▶ _INSTRUCTIONS TO FOLLOW_: Reproduce exactly only the lines from the line that holds "Opera singer Andrea" to the line that holds "Intricate 1990s Heavily", inclusive, in the listing below, and please leave out every picture.
::: MATERIAL SUPPLIED
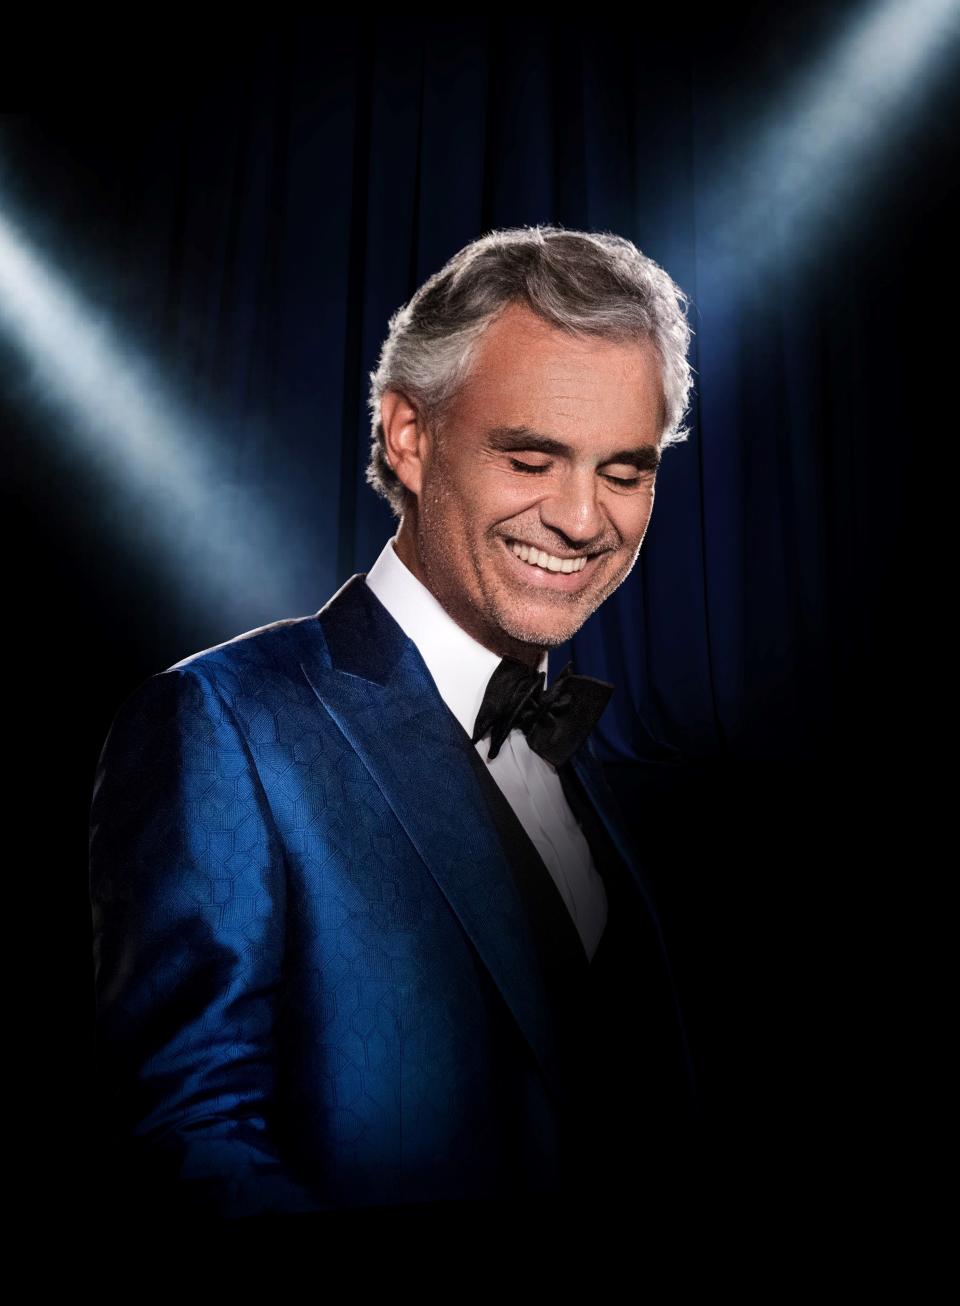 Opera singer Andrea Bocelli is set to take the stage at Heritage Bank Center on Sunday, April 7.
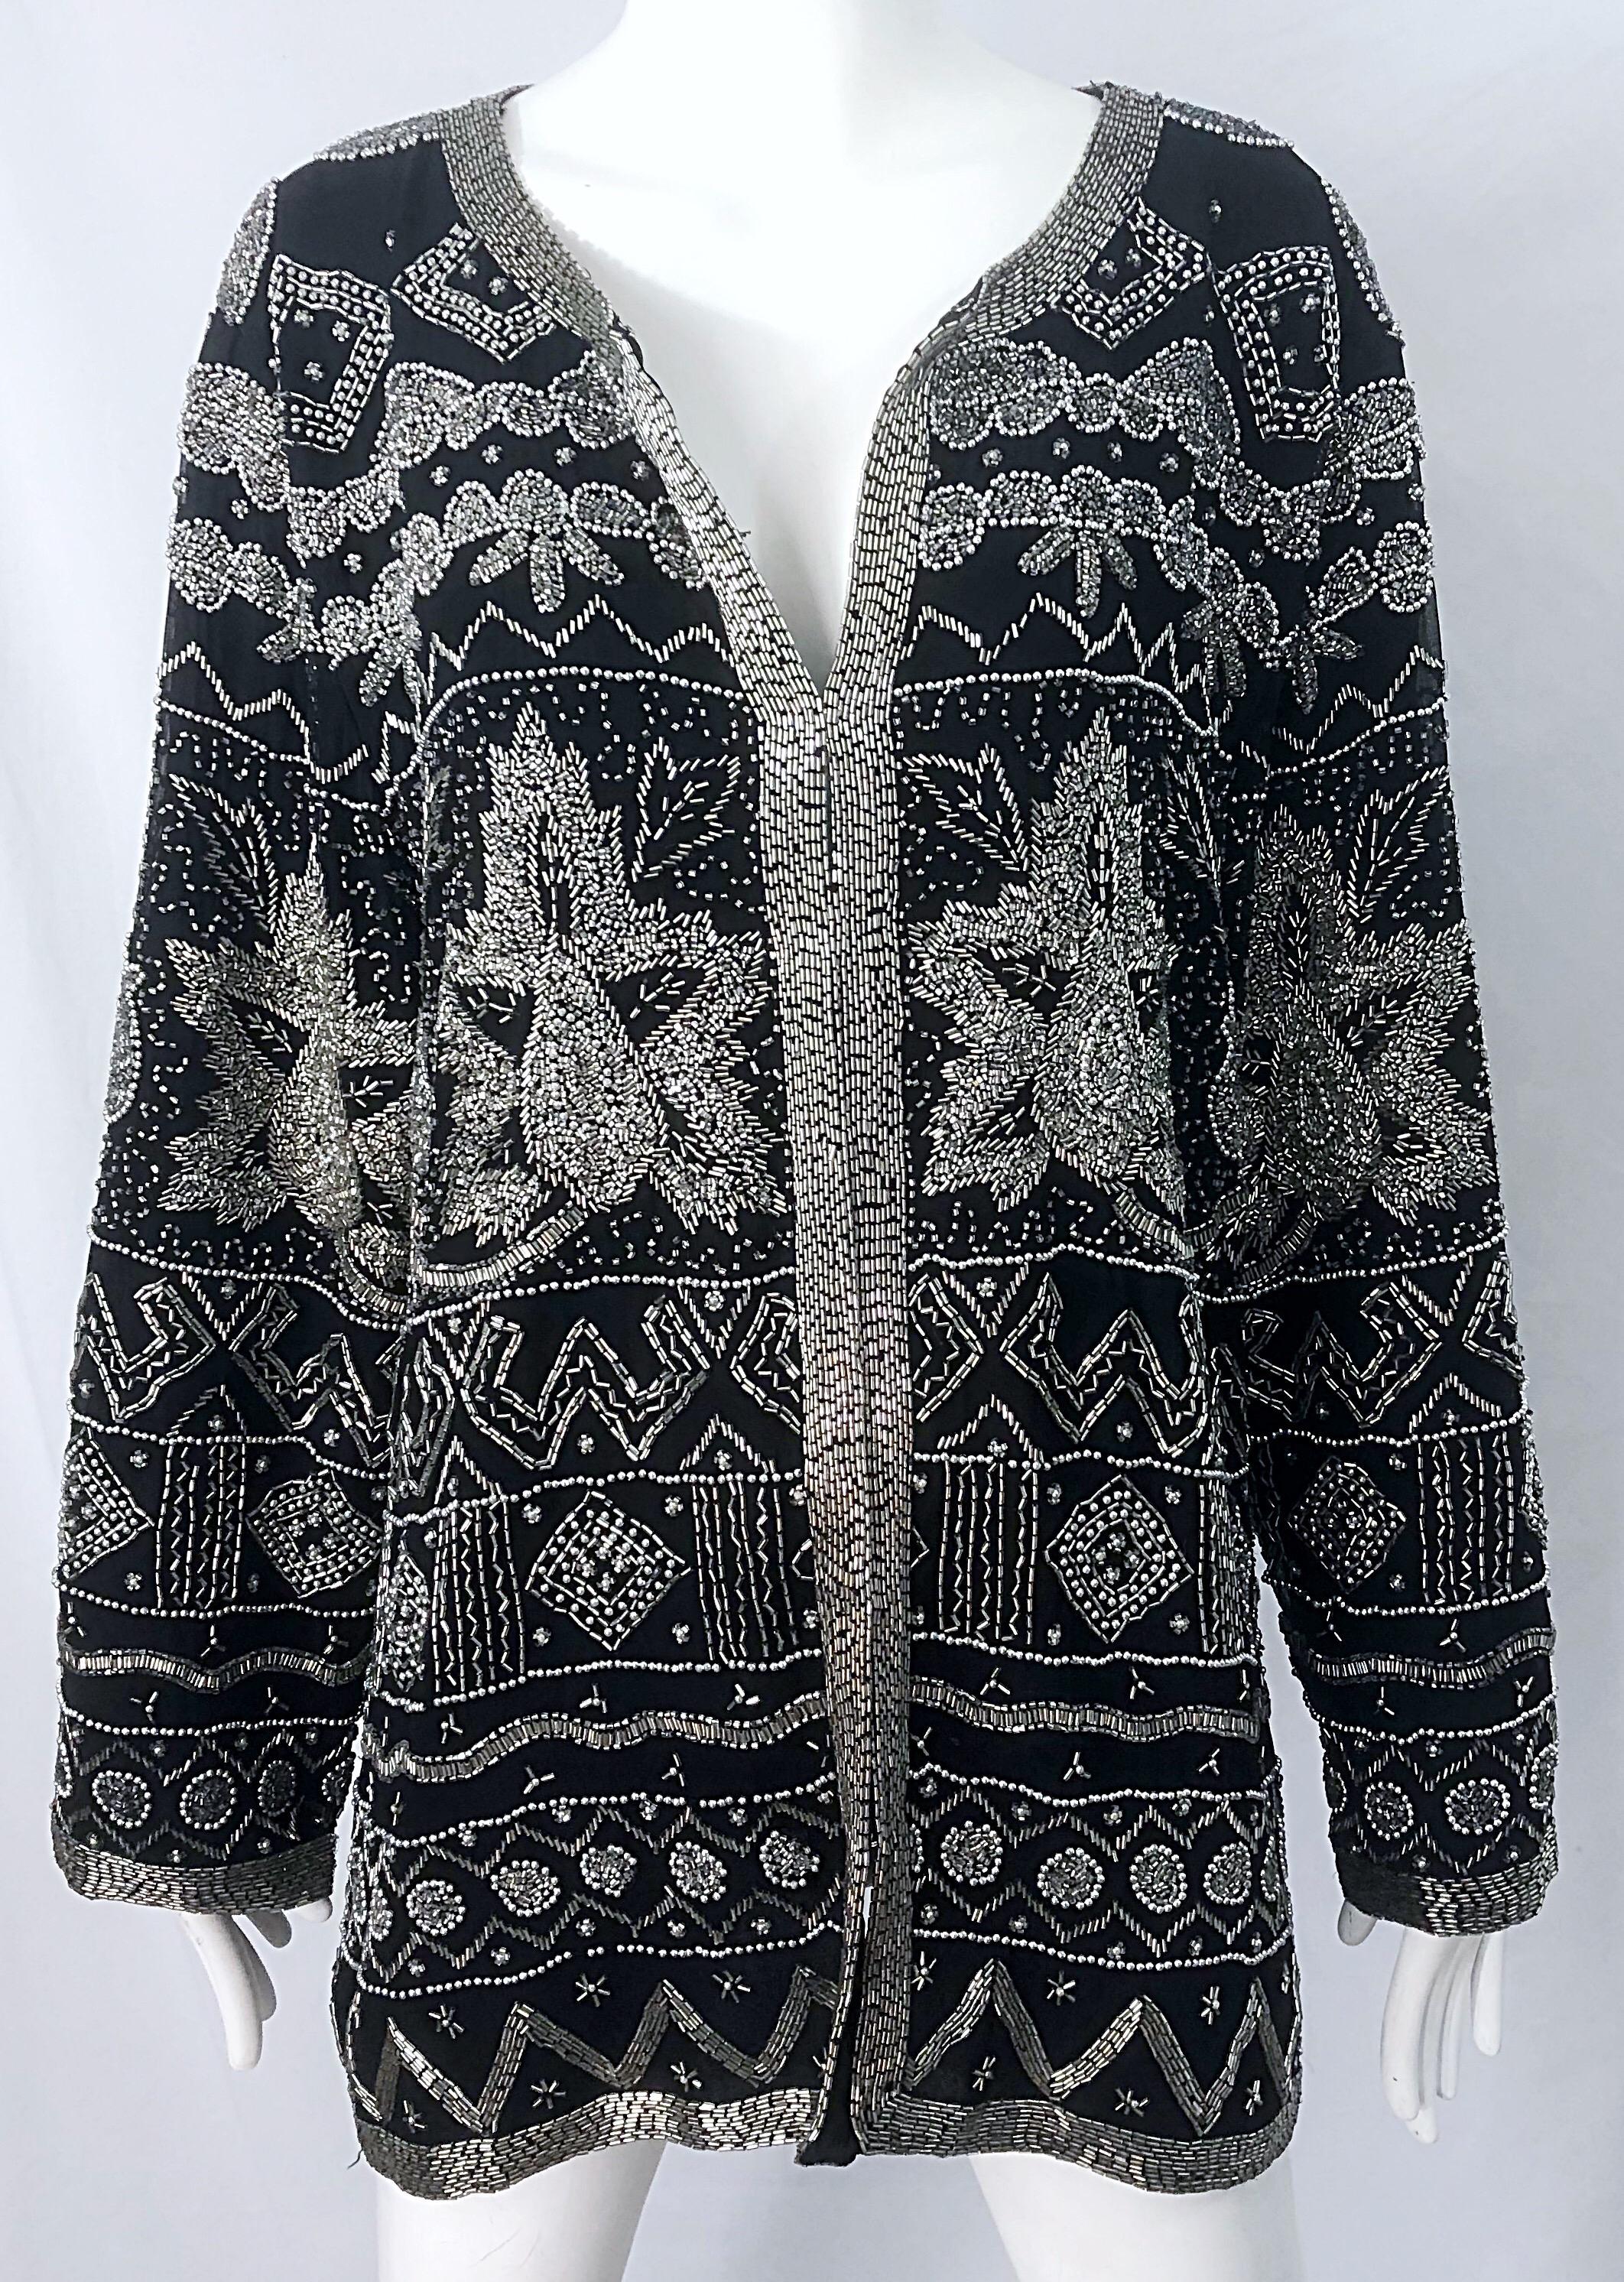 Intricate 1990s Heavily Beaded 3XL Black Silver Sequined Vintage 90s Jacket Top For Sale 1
::::::
::: MATERIAL SUPPLIED
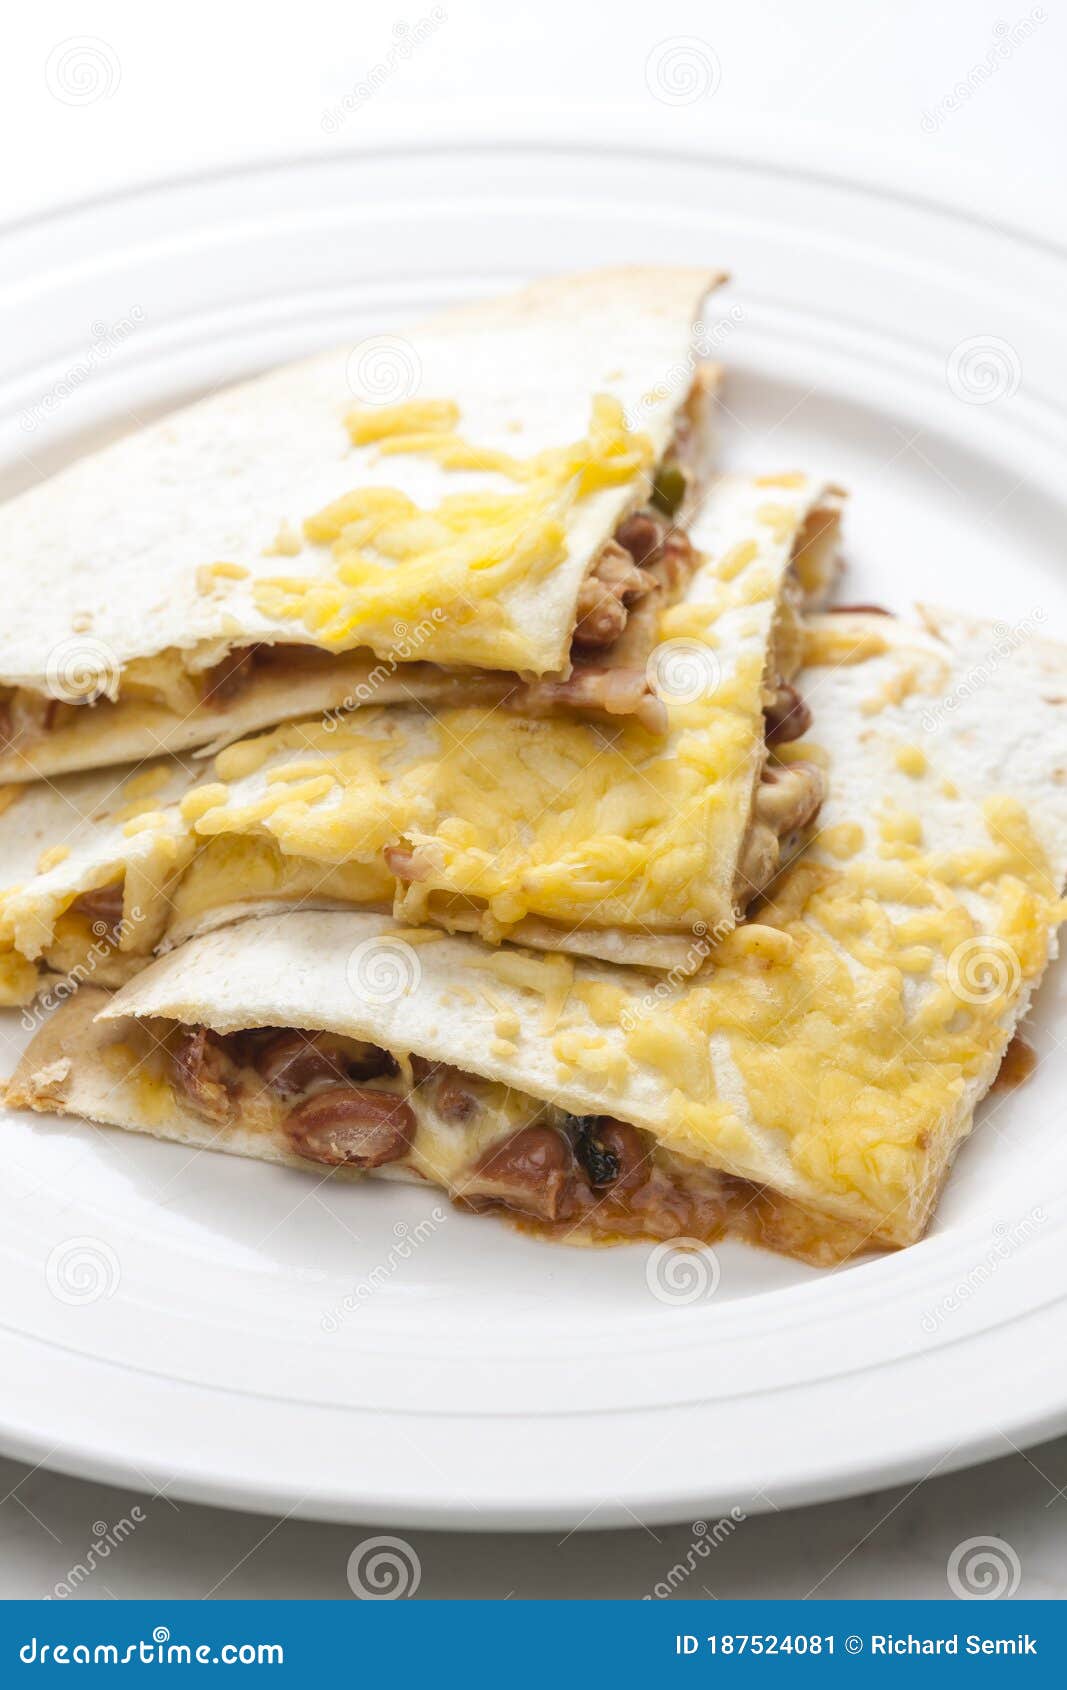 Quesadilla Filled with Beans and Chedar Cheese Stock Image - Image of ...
::::::
::: MATERIAL SUPPLIED
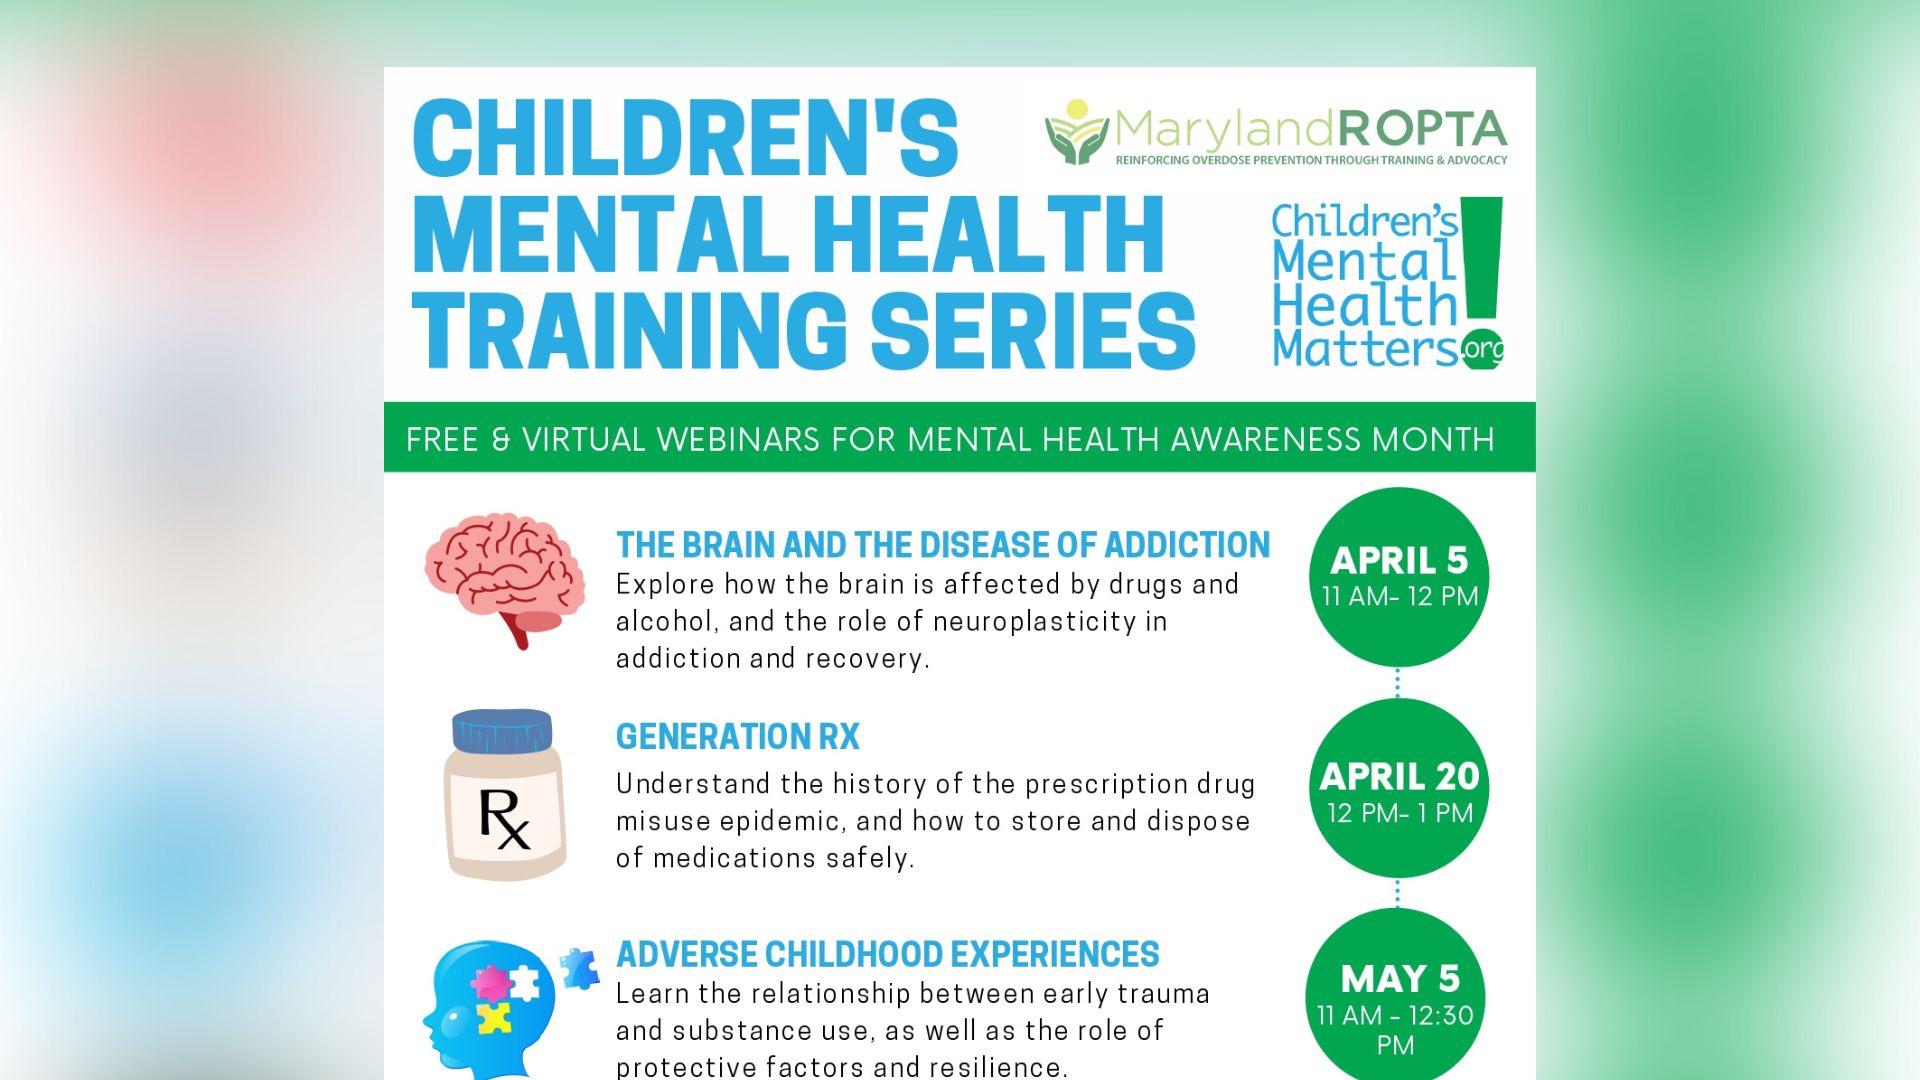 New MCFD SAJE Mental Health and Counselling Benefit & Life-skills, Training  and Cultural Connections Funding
::::::
▶ _ANSWER TO THE EXERCISE_:
 Opera singer Andrea Bocelli is set to take the stage at Heritage Bank Center on Sunday, April 7.
 Intricate 1990s Heavily Beaded 3XL Black Silver Sequined Vintage 90s Jacket Top For Sale 1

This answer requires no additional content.